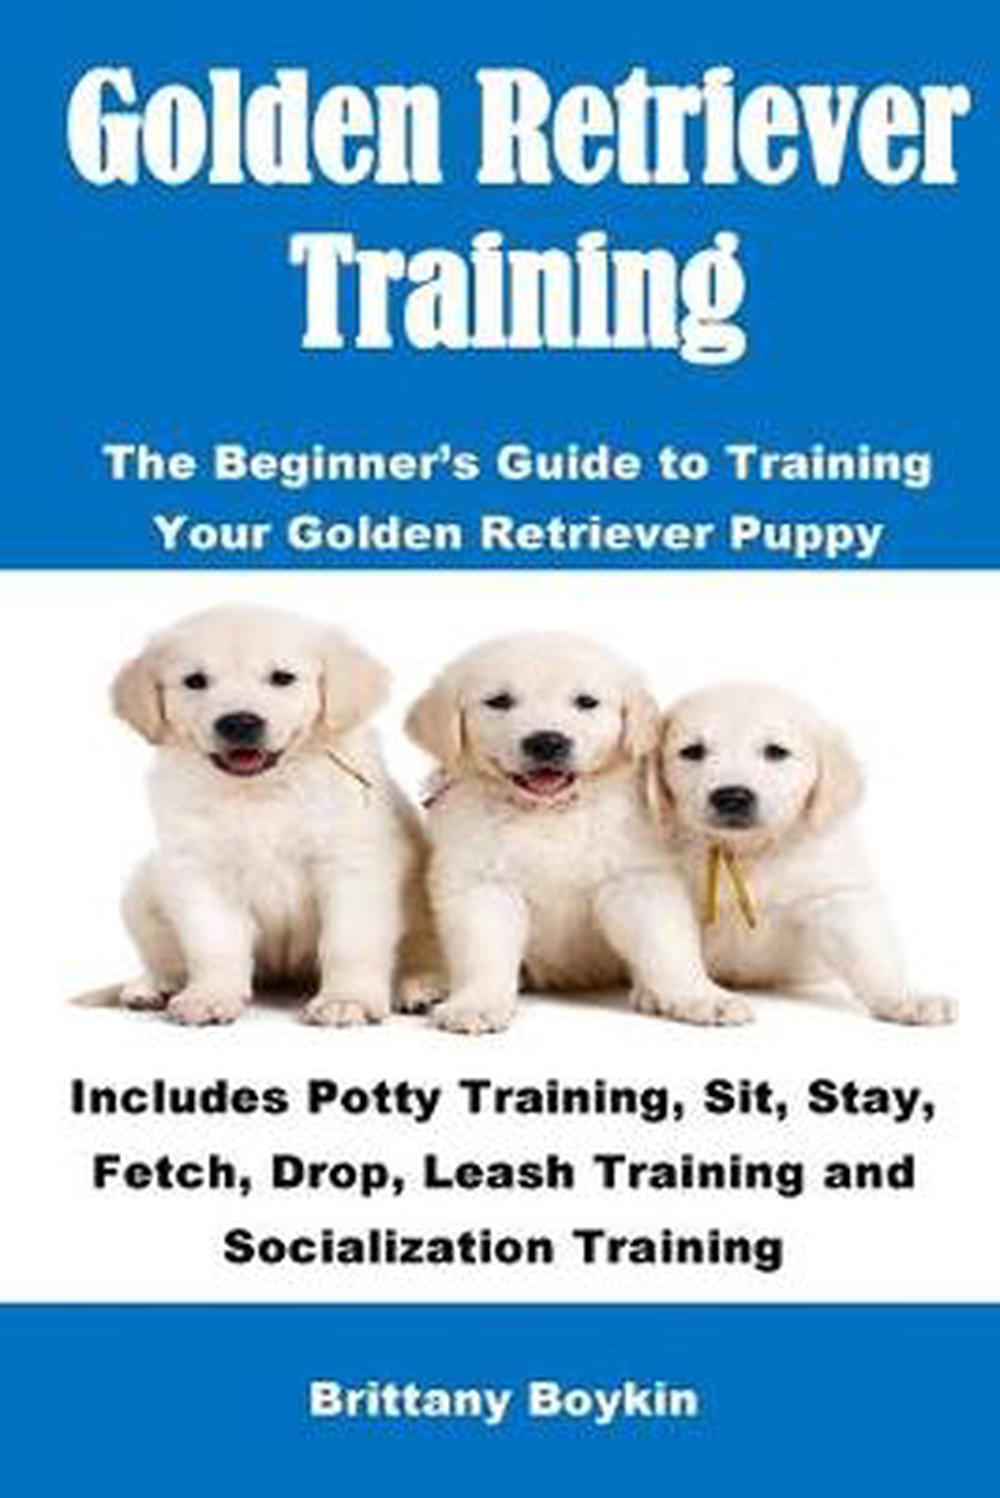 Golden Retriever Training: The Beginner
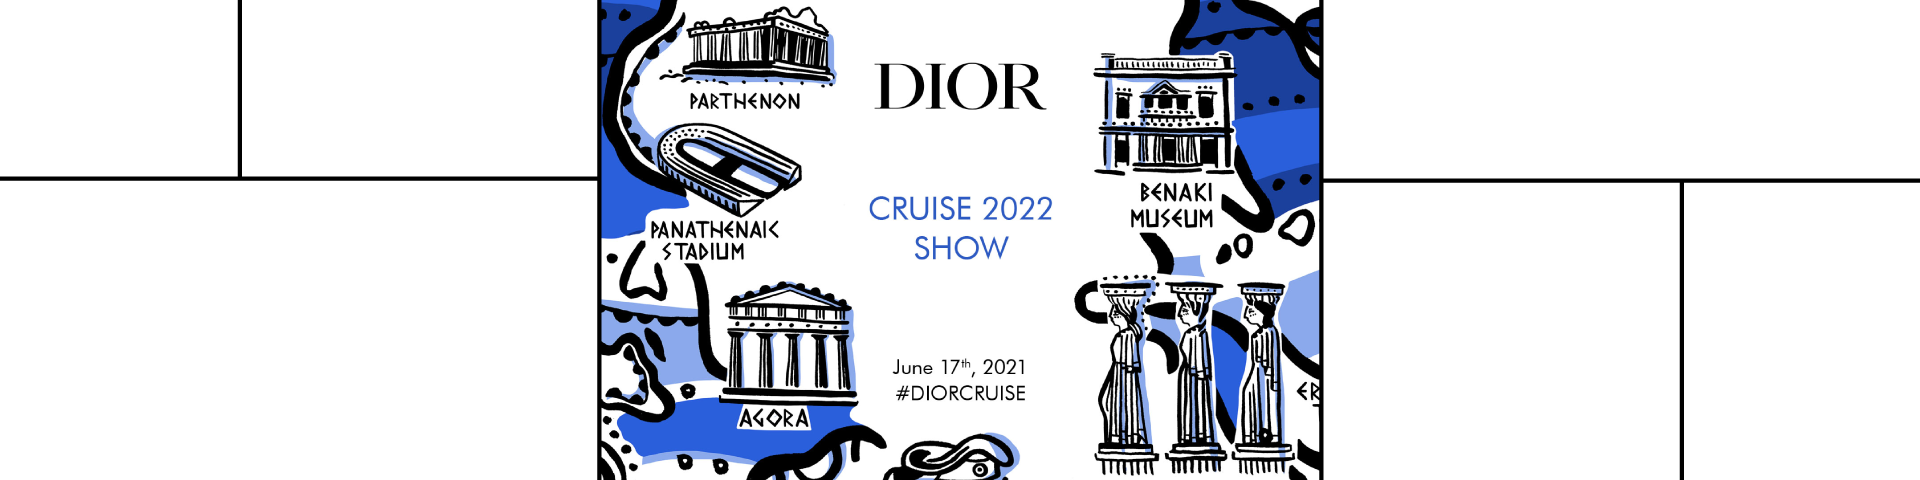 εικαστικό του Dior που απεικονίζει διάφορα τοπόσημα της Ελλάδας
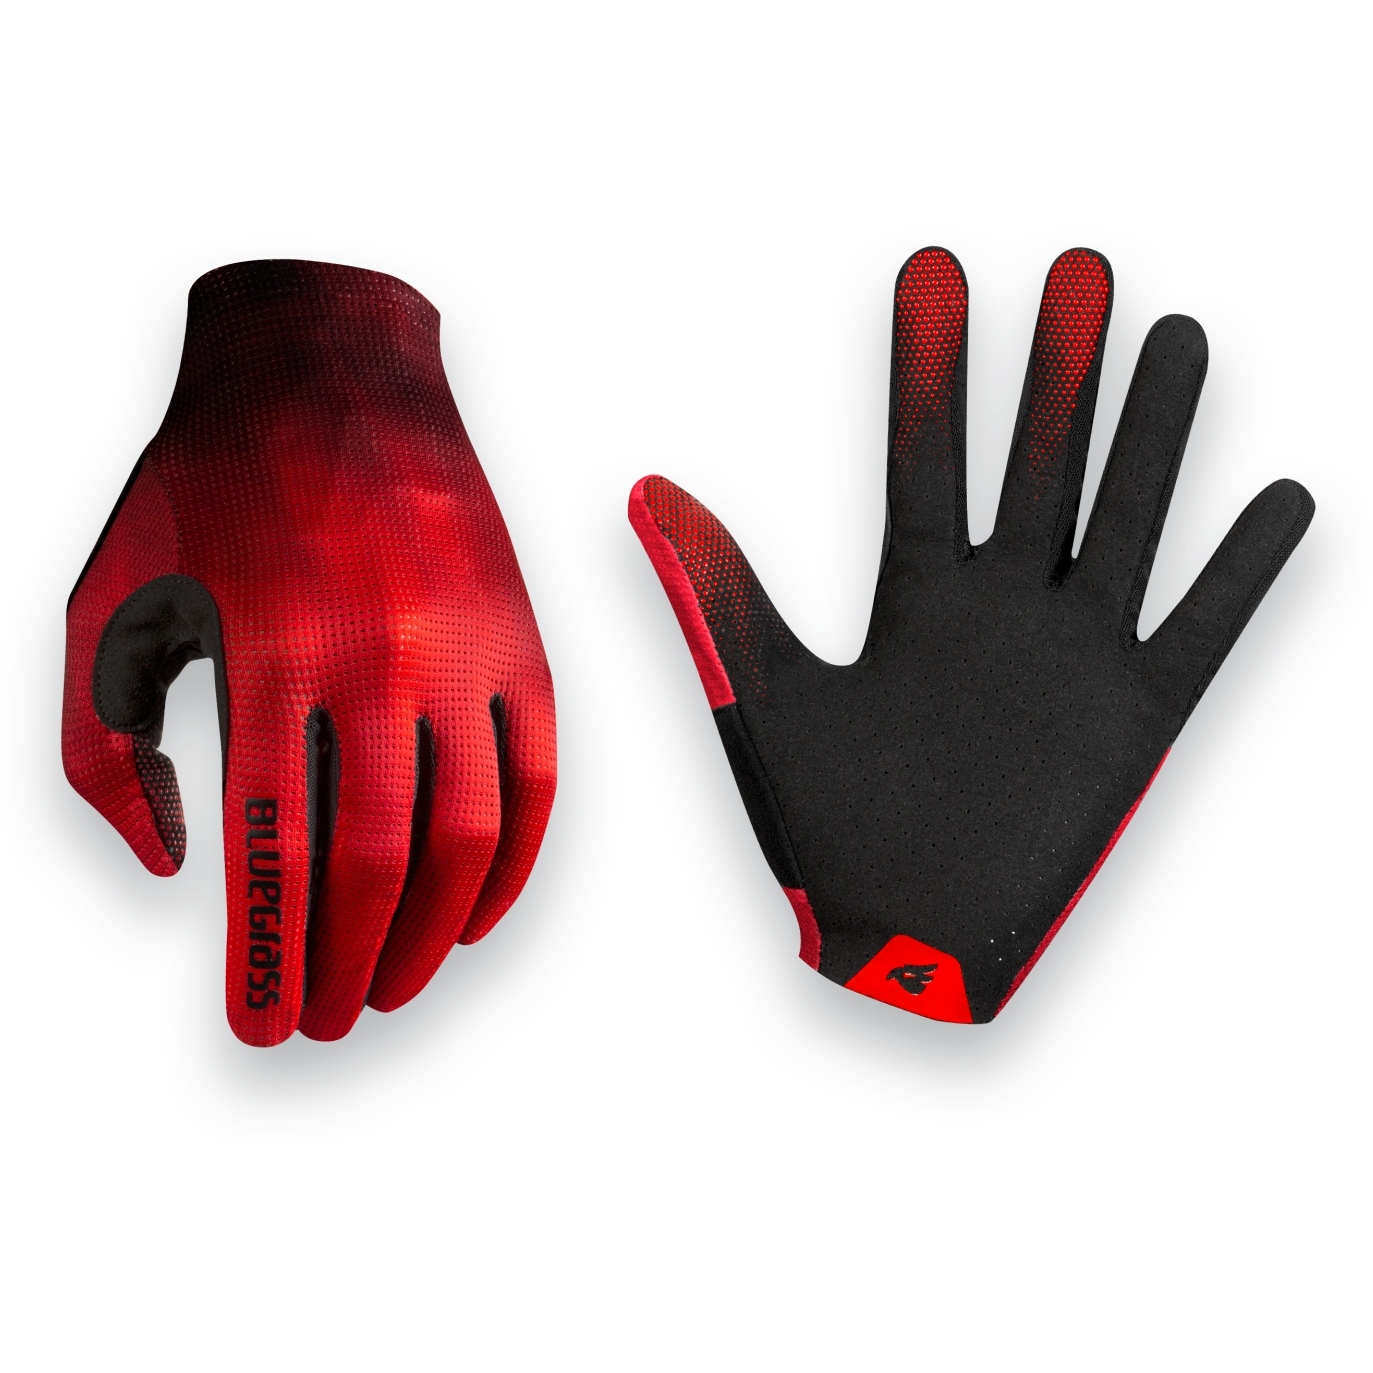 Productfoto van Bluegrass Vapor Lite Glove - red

**Problem requirements**
Reproduce the material word for word. Any pictures should be left out of the copy.

**Worked solution**
 Golden Retriever Training: The Beginner
 εικαστικό του Dior που απεικονίζει διάφορα τοπόσημα της Ελλάδας
 Productfoto van Bluegrass Vapor Lite Glove - red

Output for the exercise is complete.